▶ Information provided
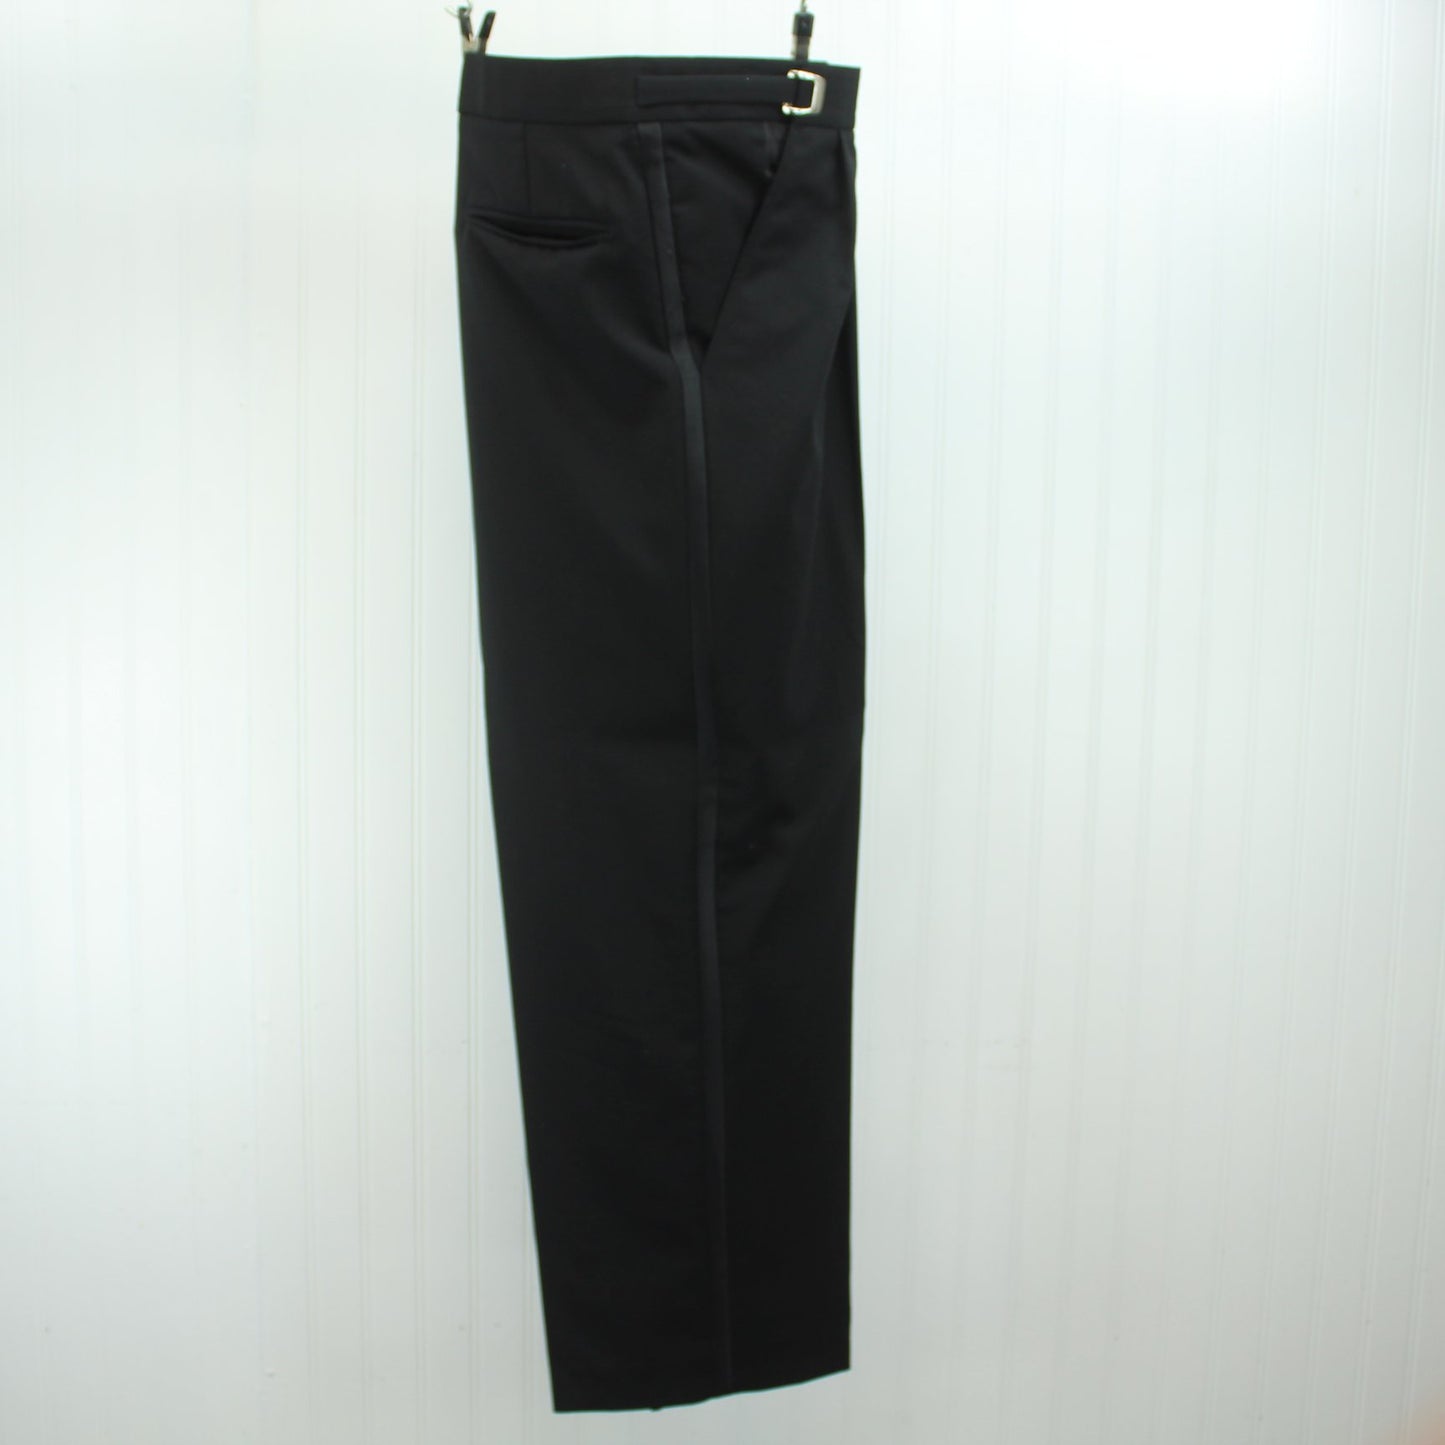 Perry Ellis Evening Suit Formal Men's Black Wool 3 Piece Satin Lapel Trim Print Vest 44R pants leg detail
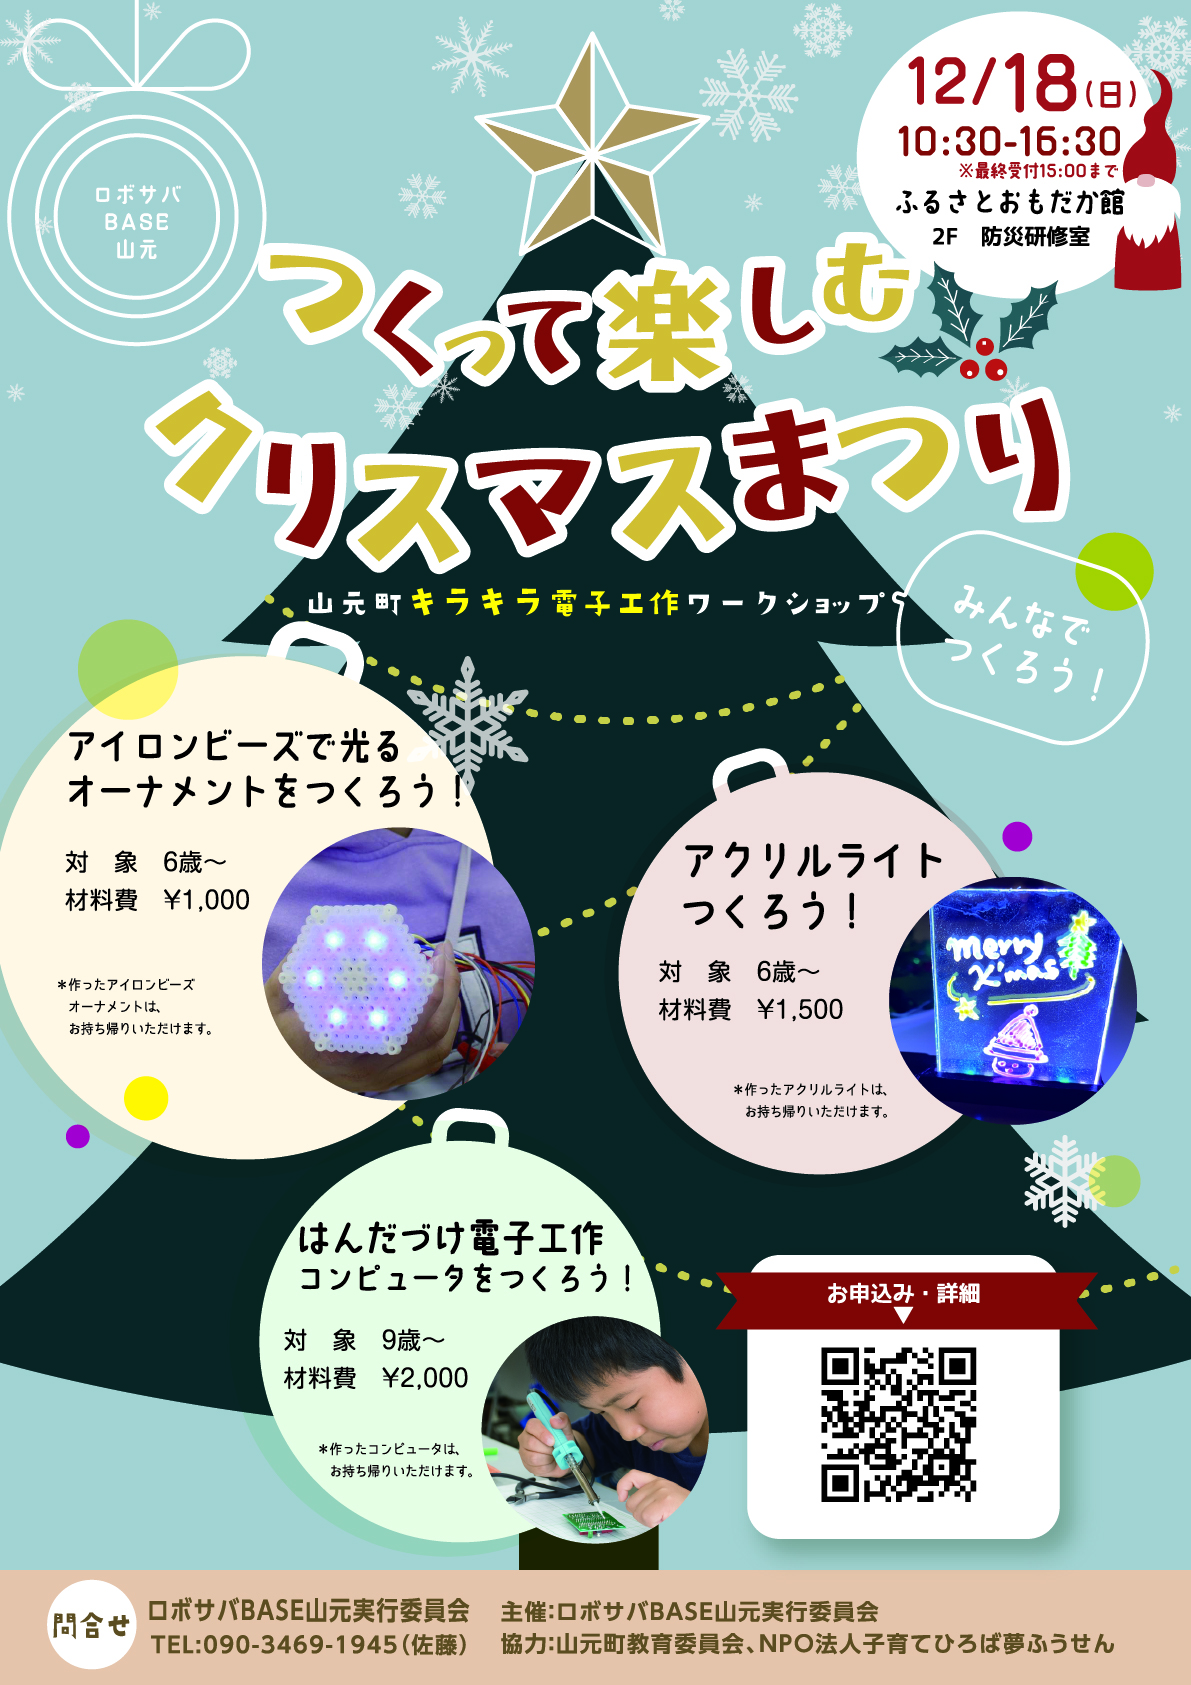 山元町キラキラ電子工作ワークショップ「つくって楽しむクリスマスまつり」
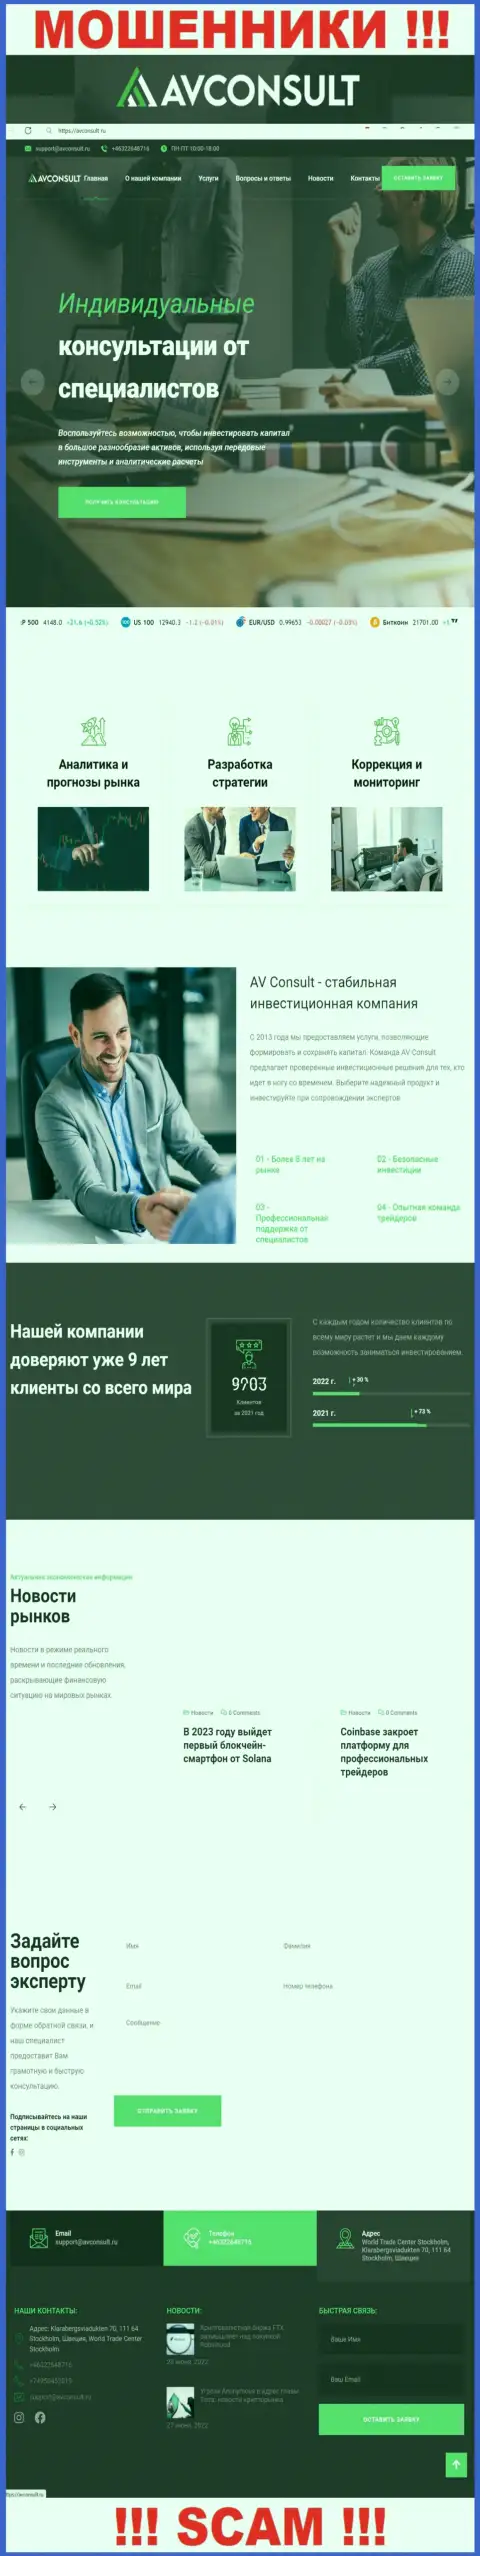 Фейковая инфа от компании AVConsult Ru на официальном сайте мошенников
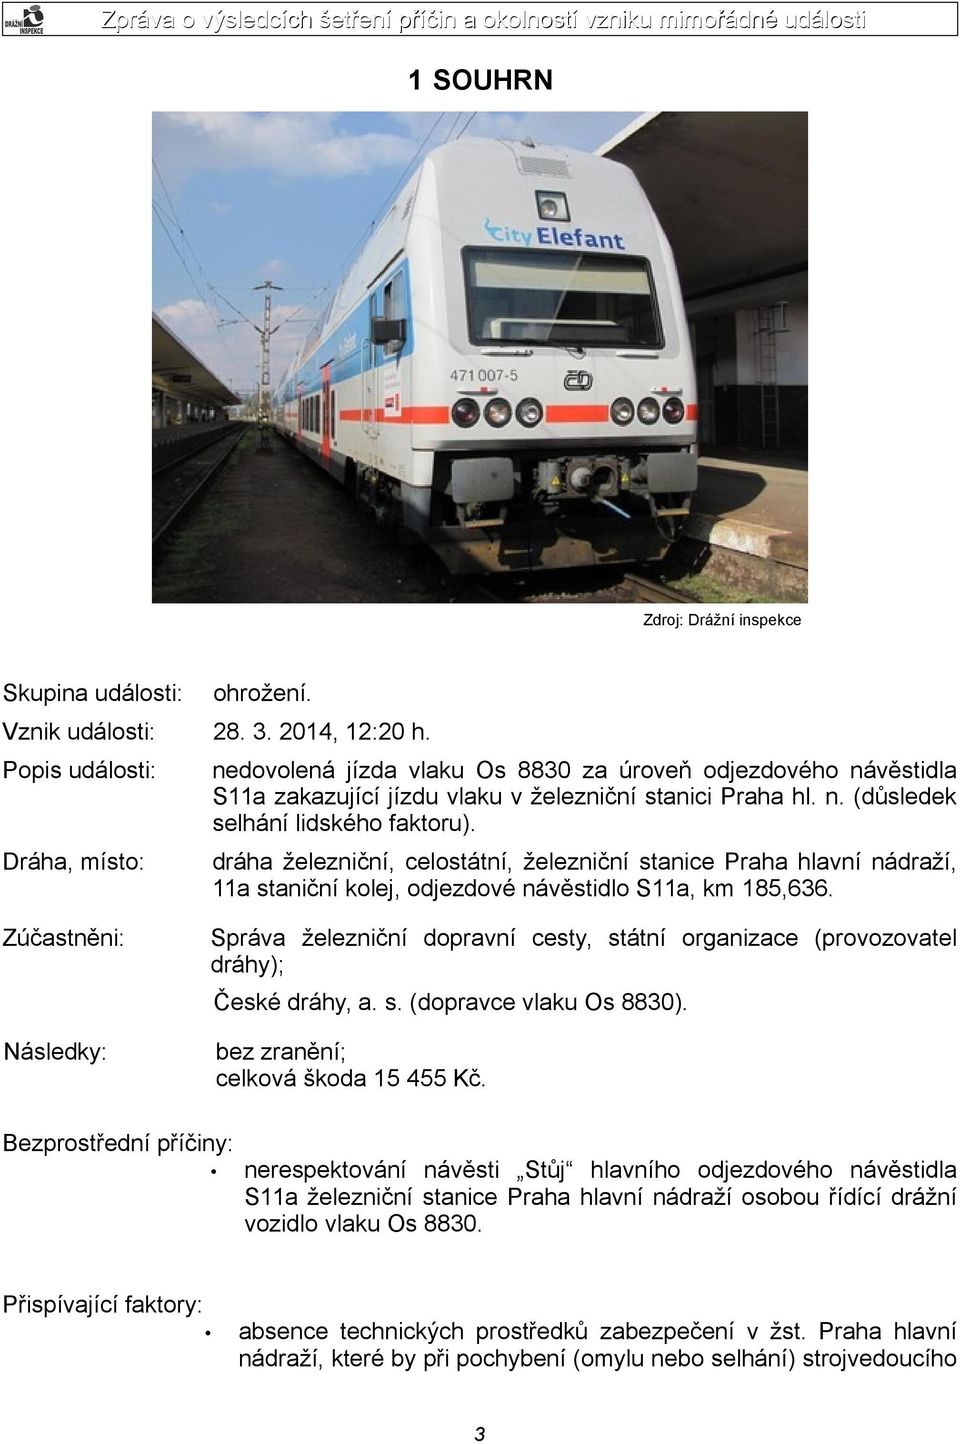 dráha železniční, celostátní, železniční stanice Praha hlavní nádraží, 11a staniční kolej, odjezdové návěstidlo S11a, km 185,636.

▶ Problem statement
The reply has to reproduce every line above verbatim and contain no pictures.

▶ Exercise response
 Perry Ellis Evening Suit Formal Men's Black Wool 3 Piece Satin Lapel Trim Print Vest 44R pants leg detail
 山元町キラキラ電子工作ワークショップ「つくって楽しむクリスマスまつり」
 Фейковая инфа от компании AVConsult Ru на официальном сайте мошенников
 dráha železniční, celostátní, železniční stanice Praha hlavní nádraží, 11a staniční kolej, odjezdové návěstidlo S11a, km 185,636.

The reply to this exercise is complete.